## Record set
********************

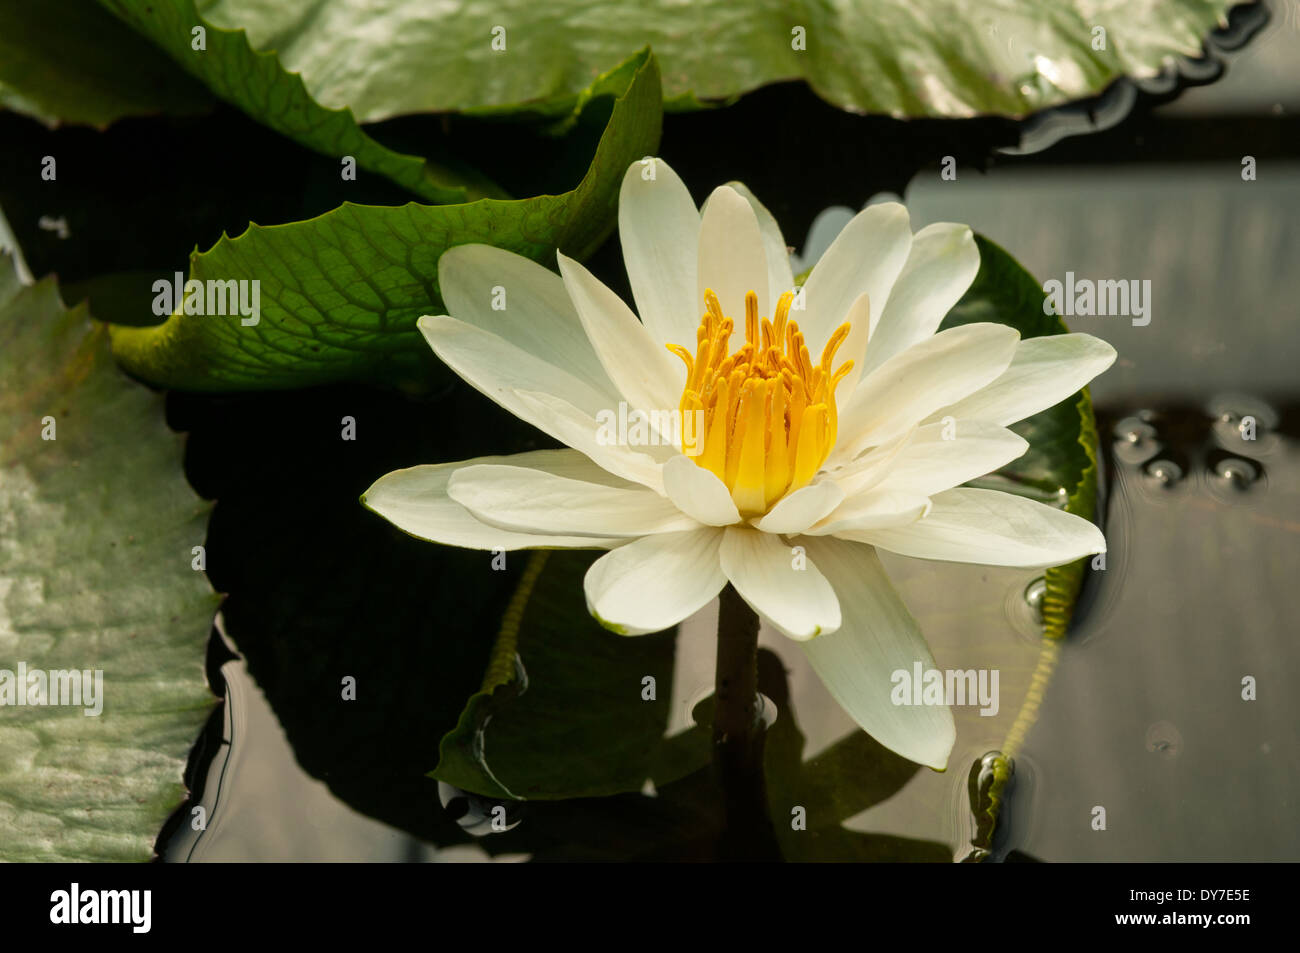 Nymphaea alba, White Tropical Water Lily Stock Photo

********************

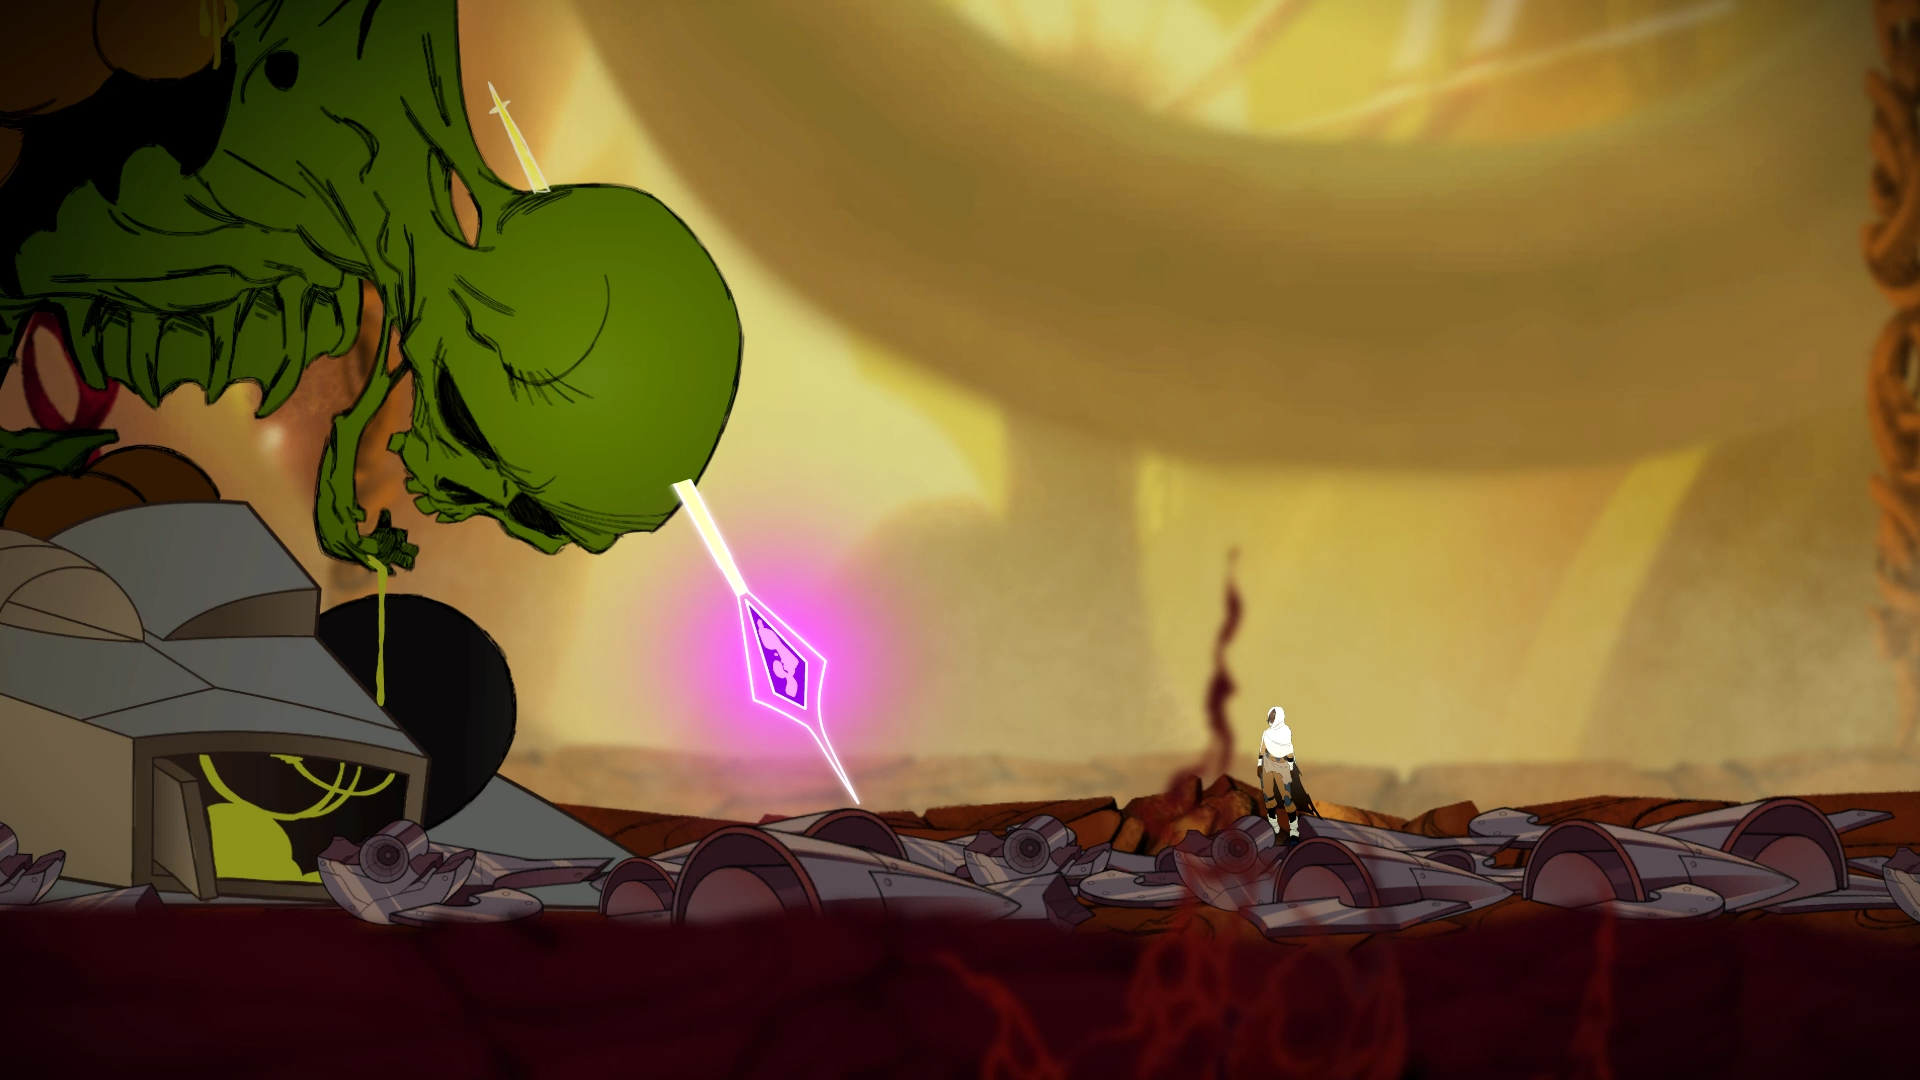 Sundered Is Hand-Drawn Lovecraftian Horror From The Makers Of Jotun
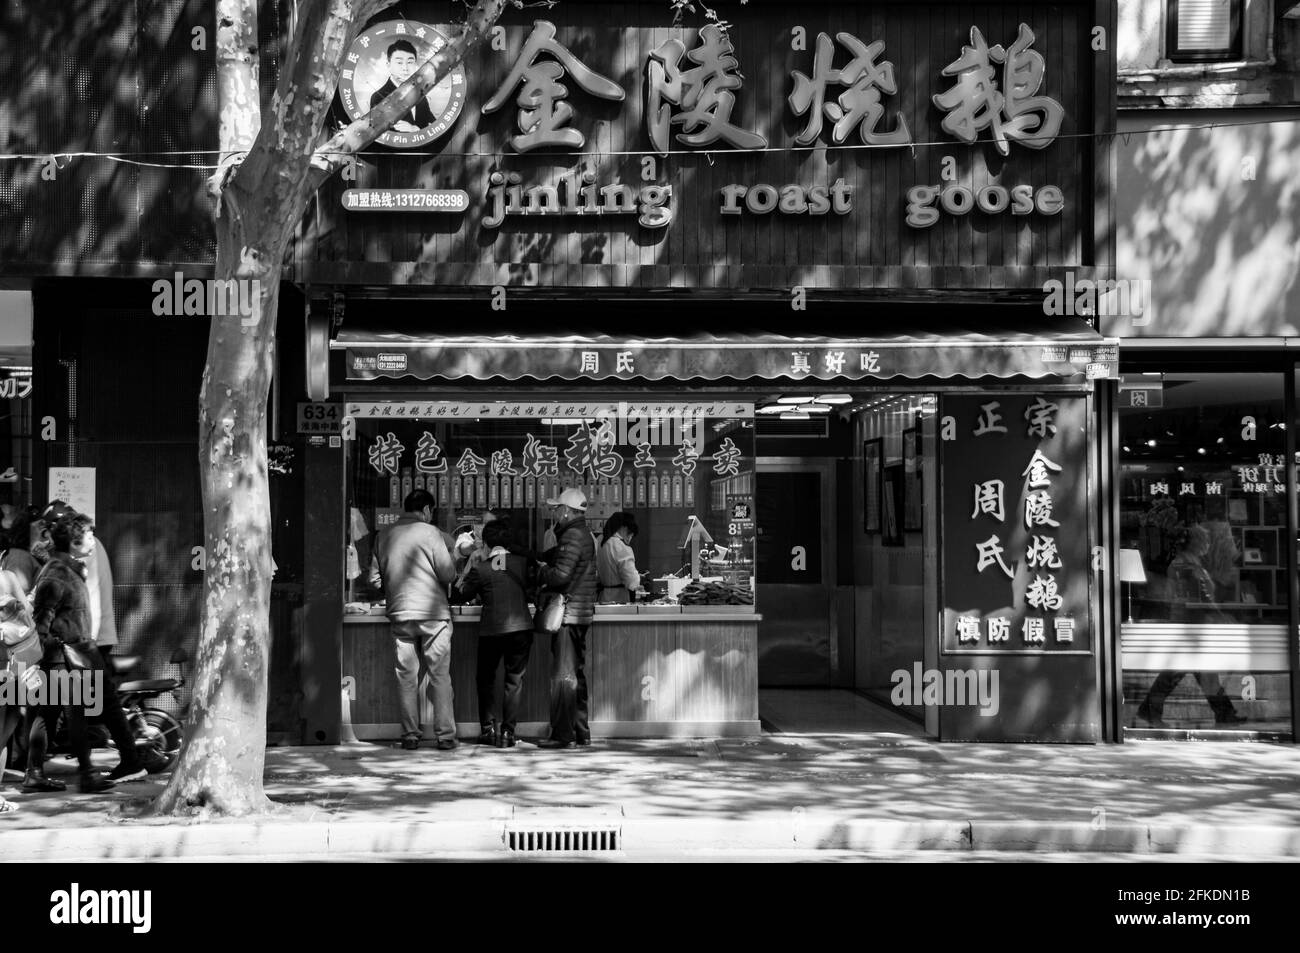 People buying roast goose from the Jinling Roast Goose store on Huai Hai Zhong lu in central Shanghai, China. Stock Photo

********************

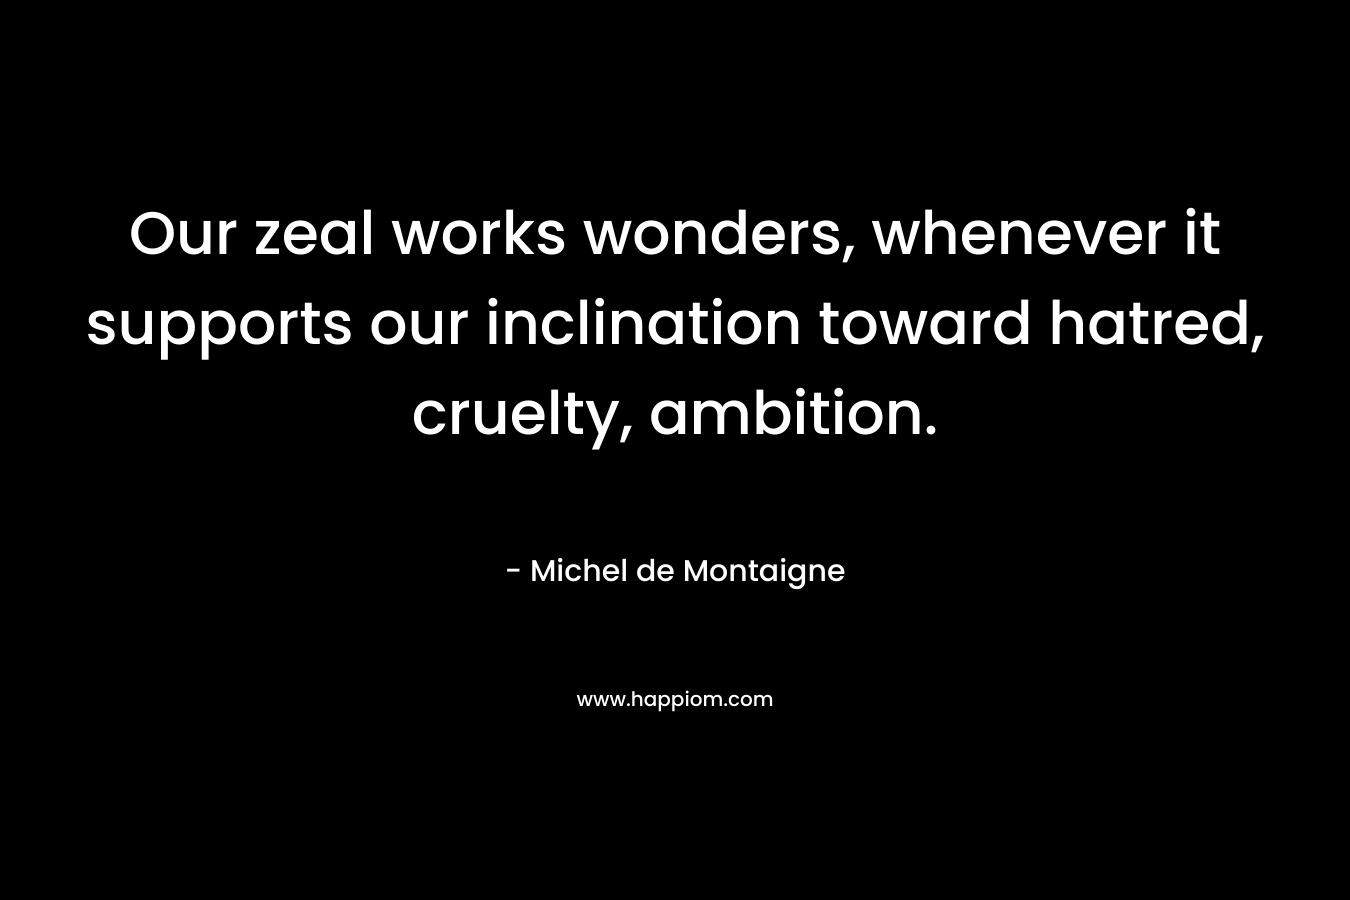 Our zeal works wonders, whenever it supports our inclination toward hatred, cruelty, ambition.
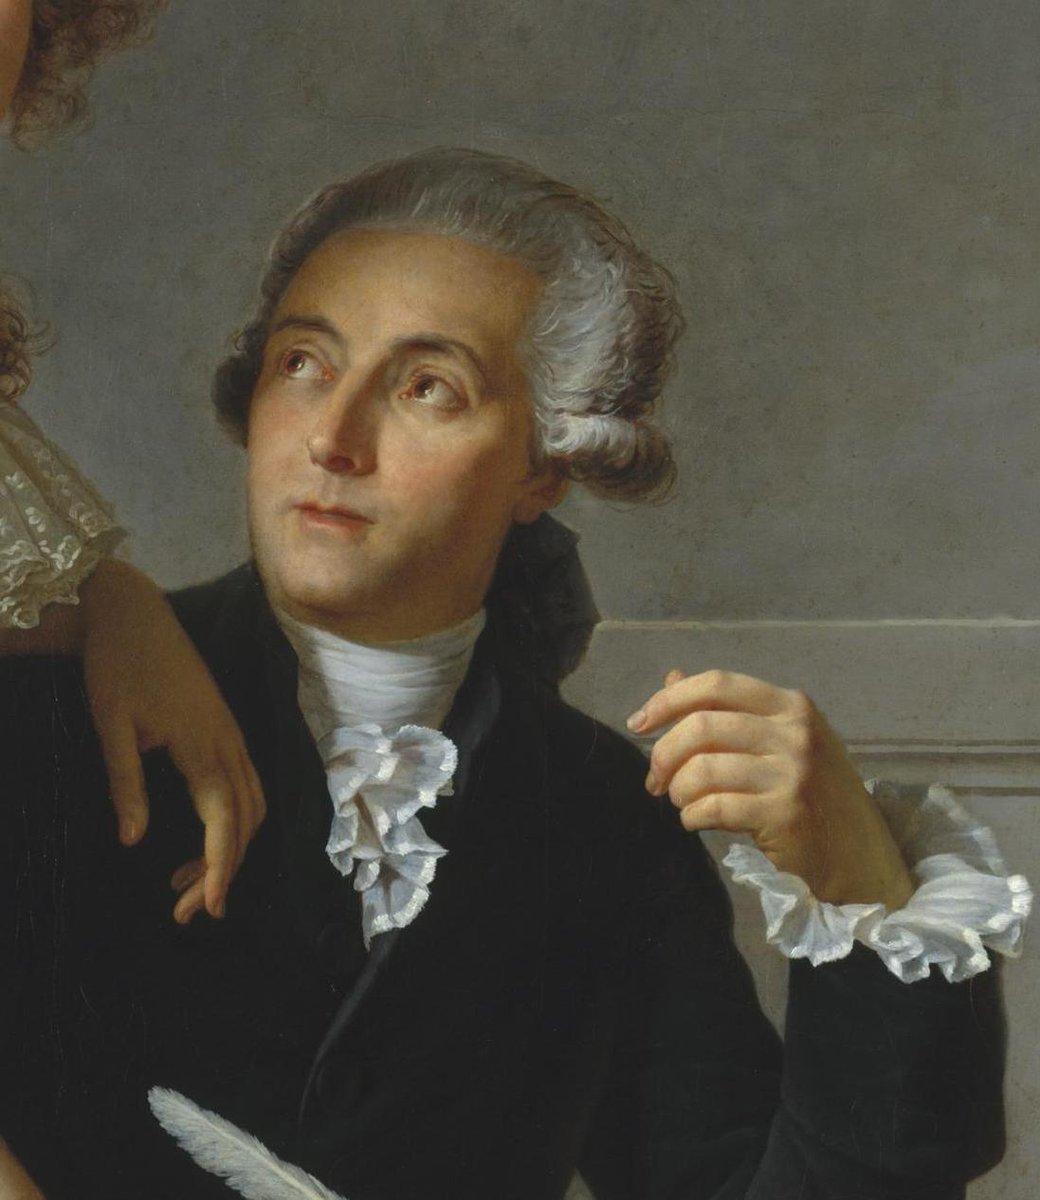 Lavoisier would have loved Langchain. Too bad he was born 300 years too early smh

********************

## Exercise instructions
Give again, exactly as written above, every line from the one holding "Sundered Is Hand-Drawn" to the one holding "People buying roast", with both ends kept and the pictures left out.

## Task response
 Sundered Is Hand-Drawn Lovecraftian Horror From The Makers Of Jotun
 People buying roast goose from the Jinling Roast Goose store on Huai Hai Zhong lu in central Shanghai, China. Stock Photo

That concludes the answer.